The largest polyps are removed in parts. In rare cases, complications can occur with polypectomy in the form of bleeding and perforation of the intestinal wall. The removed polyps are subjected to histological examination. If cancer cells were found during the study, the question is raised about the resection of the intestinal tract that is affected. Hereditary or familial polyposis is treated with total resection of the colon and the connection of its free end subsequently with the anus. With a combination of adenomatosis and tumors of other tissues, Garder syndrome (osteomas of the cranial bones), only this type of treatment can give a result.
That's what the removal of the anal canal polyp means.

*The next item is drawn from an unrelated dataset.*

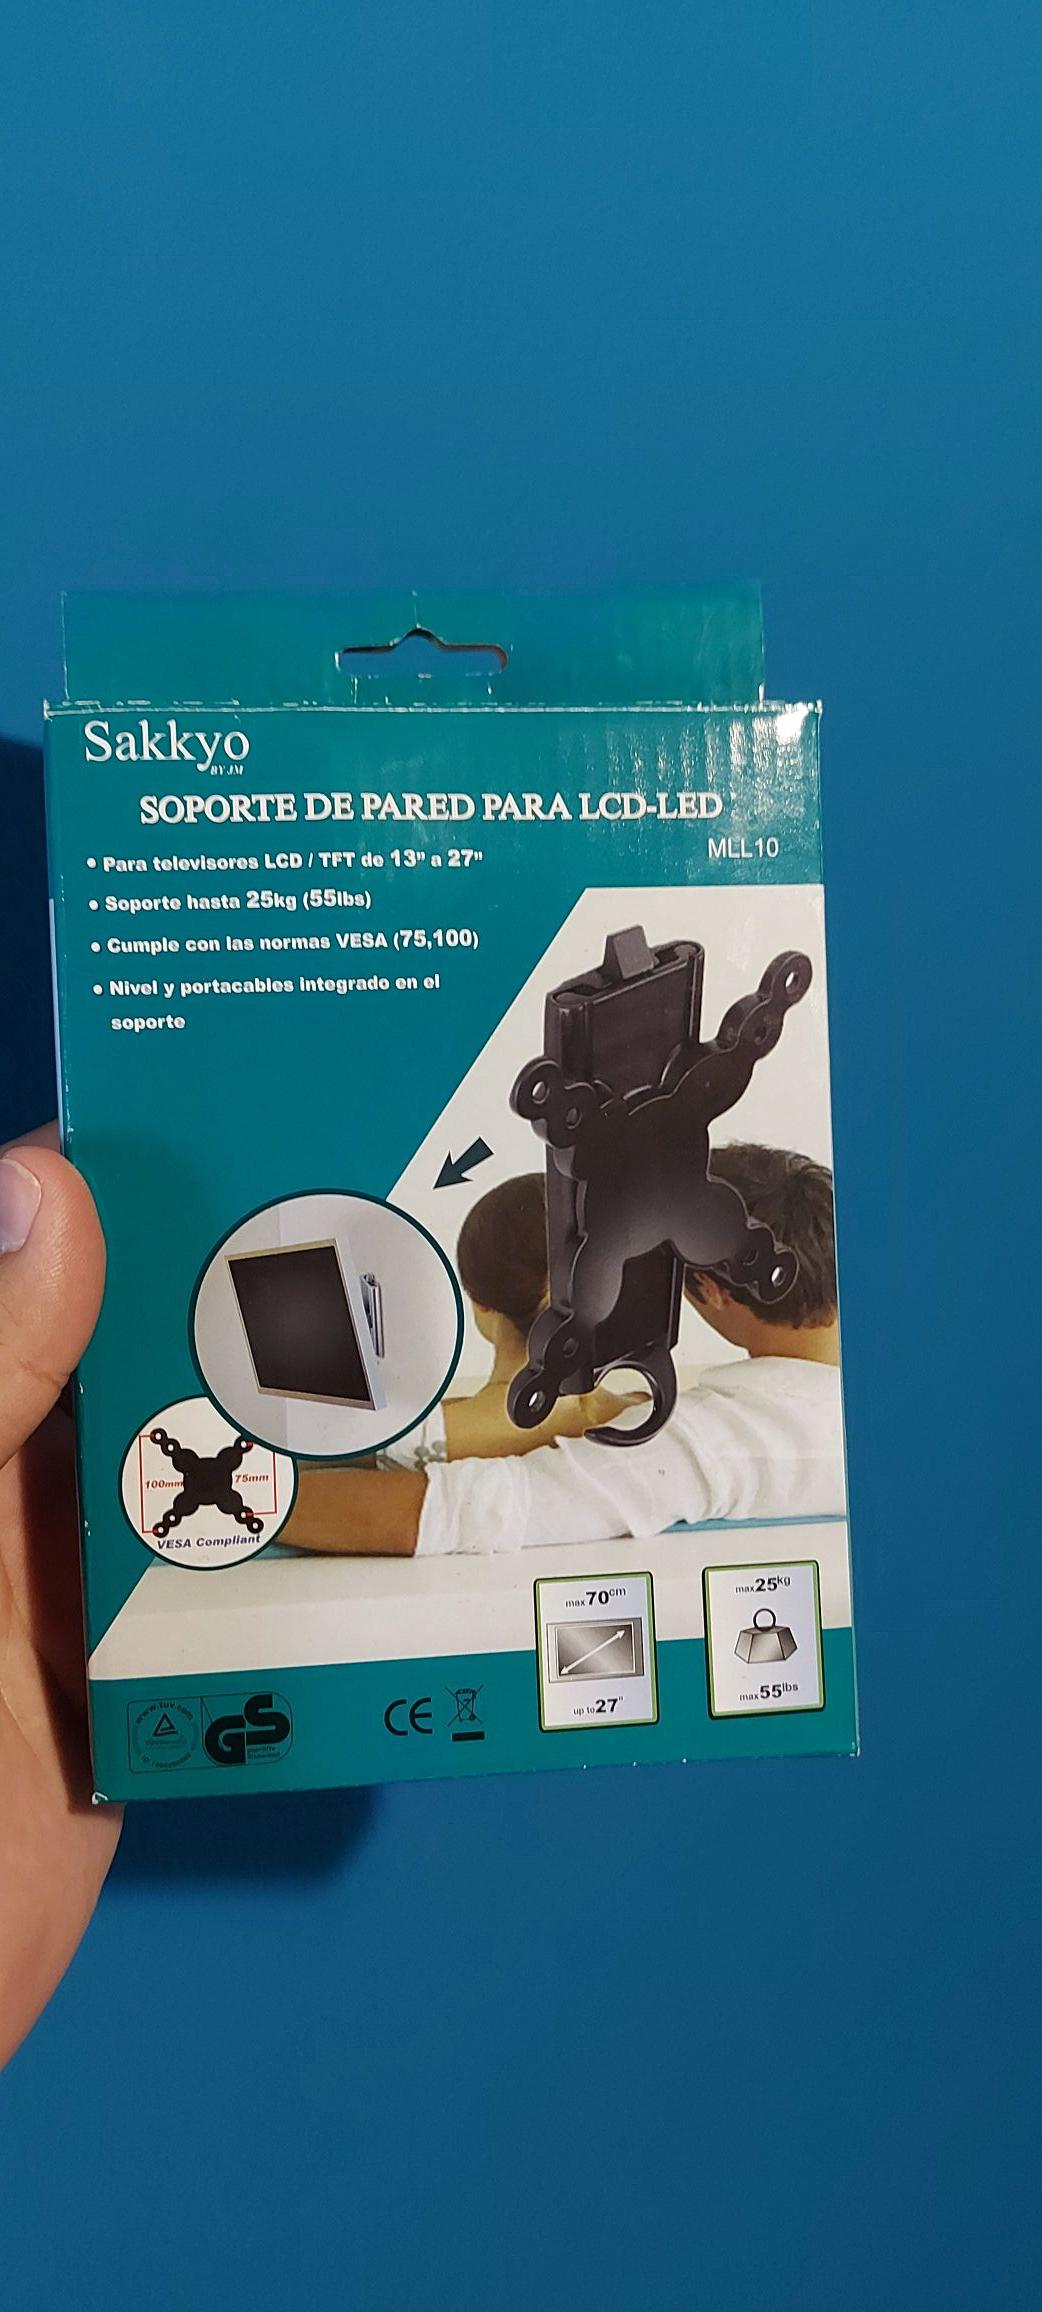 Soporte TV sakkyo(Canarias)

Prognosis for polyps of the rectum
In most cases, timely removal and detection of polyps is accompanied by recovery. But there are also frequent cases of relapses after one to three years, therefore, one year after the removal of large polyps, a control colonoscopy is performed, and it is recommended to regularly undergo endoscopy, approximately every 3-5 years. The transition of the polyp to the stage of malignancy is directly related to the number and size of formations. Multiple large polyps are much more often malignant, since the risk of malignancy can reach 20%. The greatest likelihood of transition to cancer in family polyposis.
Prevention of polyps of the rectum
Currently, there is no particular prophylaxis for polyps. To reduce the risk of their occurrence, it is recommended to eat balanced, lead an active lifestyle and undergo timely examinations of the digestive tract and treatment of identified diseases. The most important preventative measure for colorectal cancer is the early detection of polyps.